> _How to complete this task_: Restate the data word for word and leave the images out.

> _Data block_:
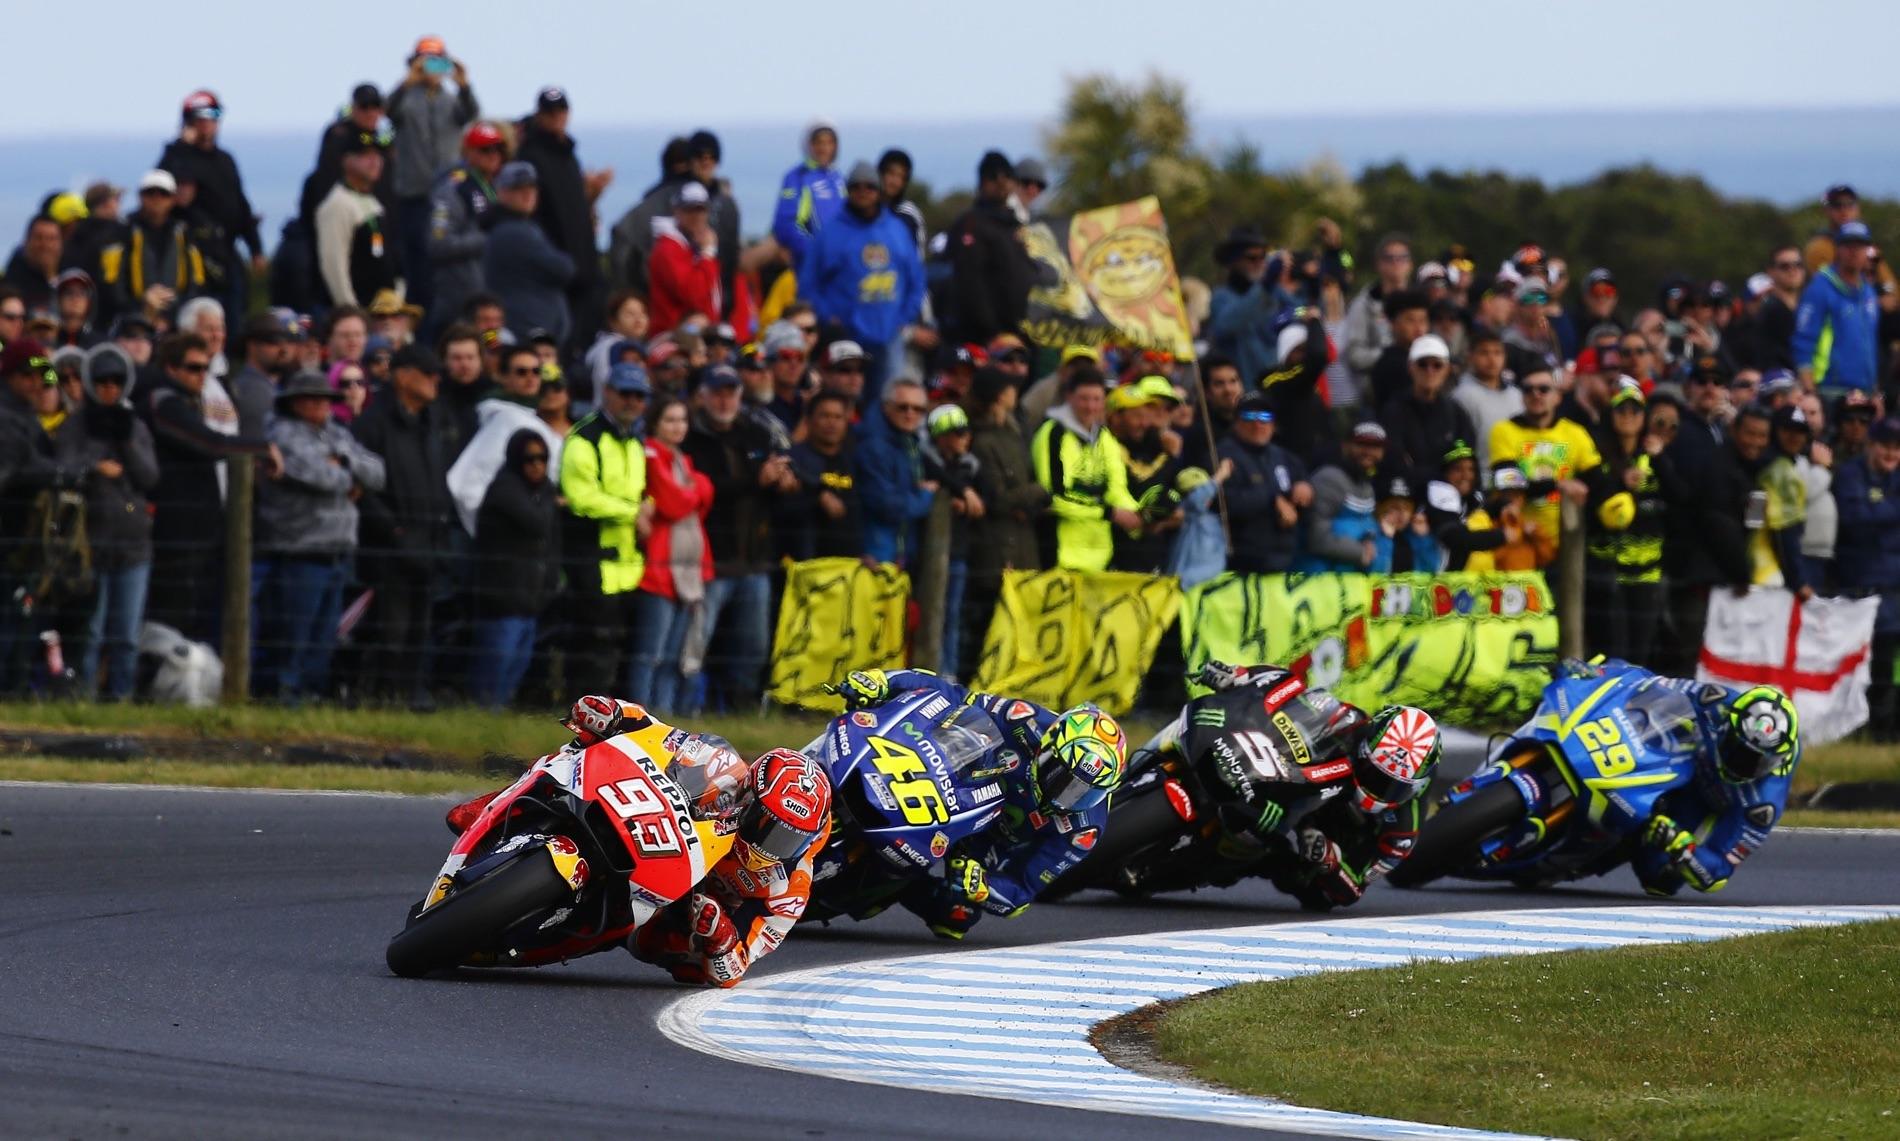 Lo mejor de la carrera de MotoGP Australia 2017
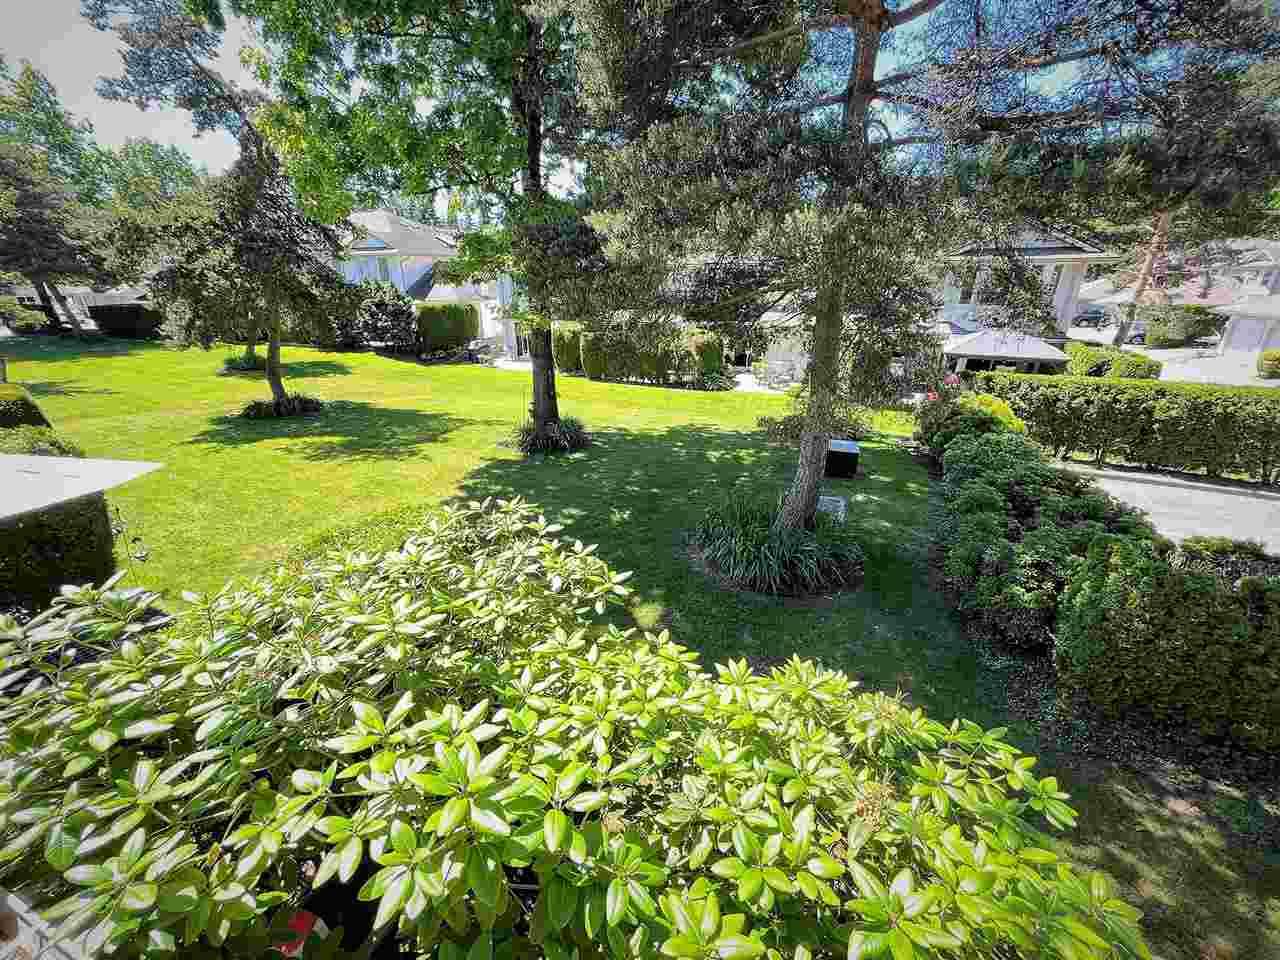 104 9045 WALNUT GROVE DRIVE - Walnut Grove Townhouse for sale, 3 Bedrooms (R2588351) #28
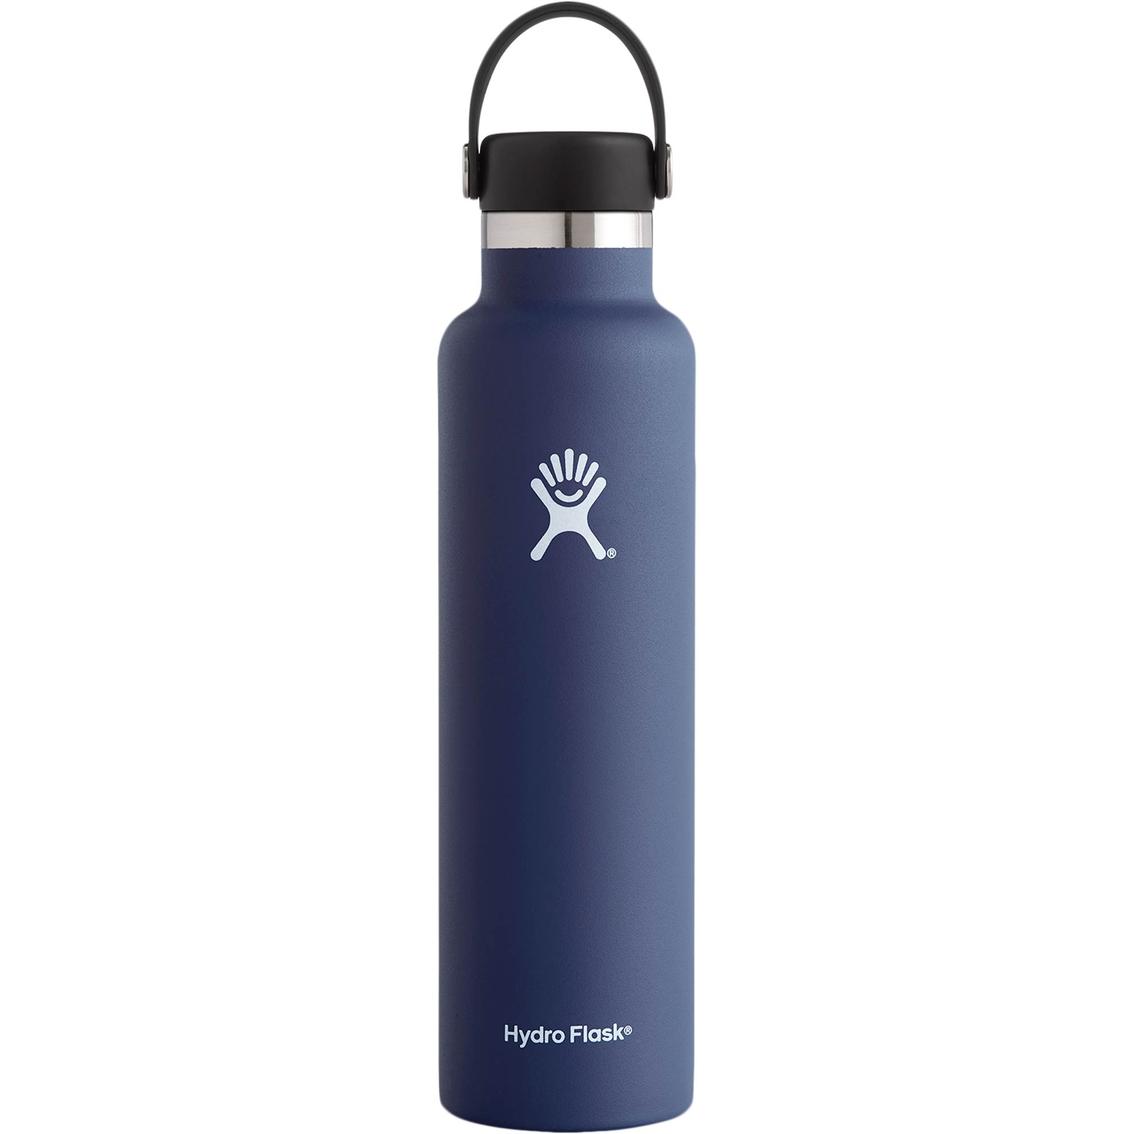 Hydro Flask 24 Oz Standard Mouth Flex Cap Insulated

> _Task response_:
 Lo mejor de la carrera de MotoGP Australia 2017
 104 9045 WALNUT GROVE DRIVE - Walnut Grove Townhouse for sale, 3 Bedrooms (R2588351) #28
 Hydro Flask 24 Oz Standard Mouth Flex Cap Insulated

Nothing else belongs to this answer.